Marcel Winatschek

OZ Had Been Painting for Thirty Years

Ello appeared that week with the energy of a rumor about a better party. Within forty-eight hours, half the internet had made accounts on the new Facebook alternative and discovered it was an empty room with good graphic design. You made your account, you looked around, you logged back out, and by the weekend the conversation had moved on to something else.

That was the mood that Friday—a lot of activity that didn’t resolve. Someone should have launched a campaign to change Berlin’s unofficial city motto from "poor but sexy" to "Döner, which sauce?" Someone should have gone to a party and tried to hold a conversation about the most taciturn supporting actors of the silent film era, or the significance of 1974 as the year of the common swift, or the time their printer had a paper jam—sustaining it past the first thirty seconds of polite confusion. Someone should have bought a CD, physically, not streamed anything, as a small deliberate gesture against what the decade was becoming. And if you happened to meet someone who shared your exact name, well.

OZ died that week. Walter Josef Fischer, the Hamburg graffiti writer who had been painting his name and a smiley face on every unreachable surface in the city for three decades—train cars, bridges, walls above the waterline, places that required both nerve and preparation to reach. He’d been called the most prolific graffiti writer in the world. He was hit by a train while painting on the tracks, which sounds both inevitable and wrong, the way some deaths do. The city he’d covered in marks outlived him while his marks stayed up. A minute of silence felt inadequate. Two or three still felt inadequate.

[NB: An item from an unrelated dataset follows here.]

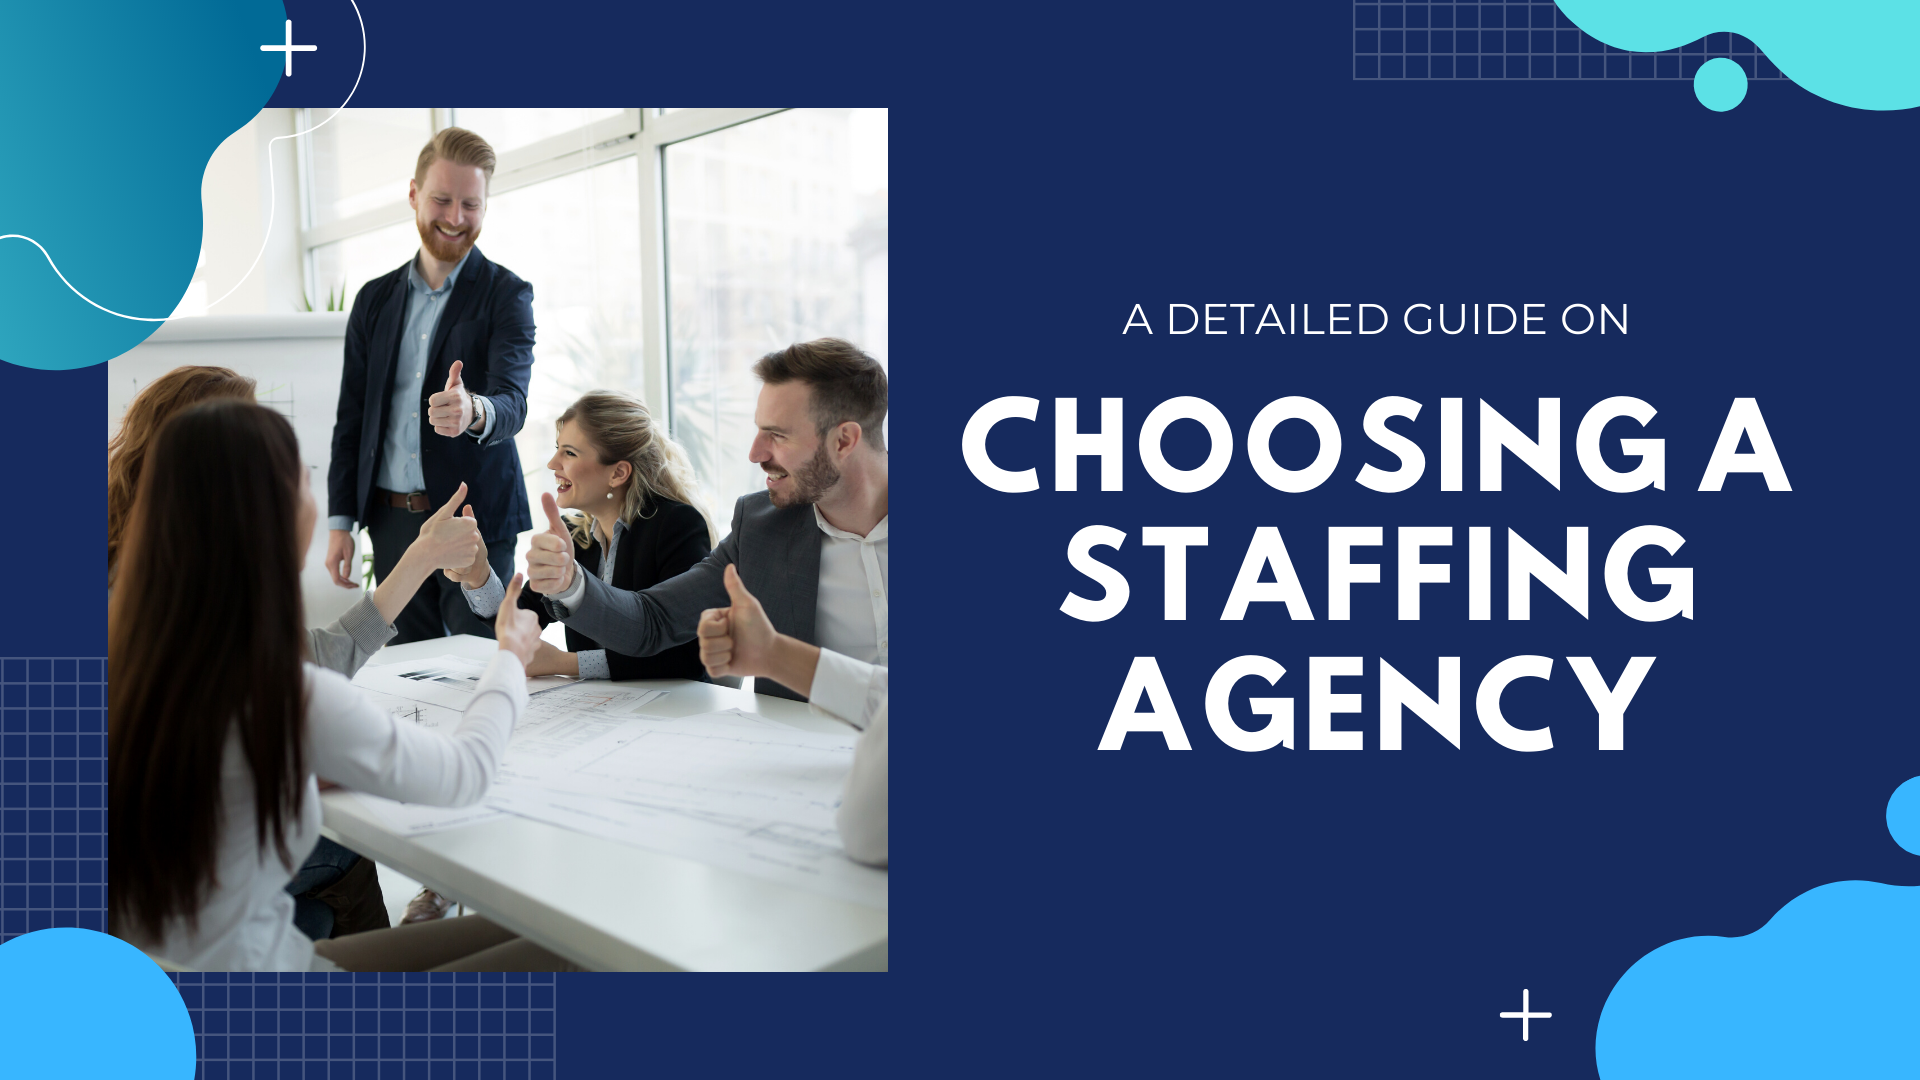 How to Choose the Best Staff Agency?

The rest of that Friday’s instructions: find every poster of Sami Slimani—a German lifestyle influencer whose face was papering city walls that season—and cover it with a photograph of a lonely sausage. Ask the famously unimpressable bouncer at Berghain if he knows where the nearest bar is, purely to watch him not react. Eat only food that rhymes with "windshield wiper."

None of it was meant to be followed. The point was to carry the list in your head while doing ordinary things—commuting, shopping, arguing—and feel briefly adjacent to something more interesting. OZ understood something like that, I think. The whole city as a surface. You don’t wait for permission to leave a mark.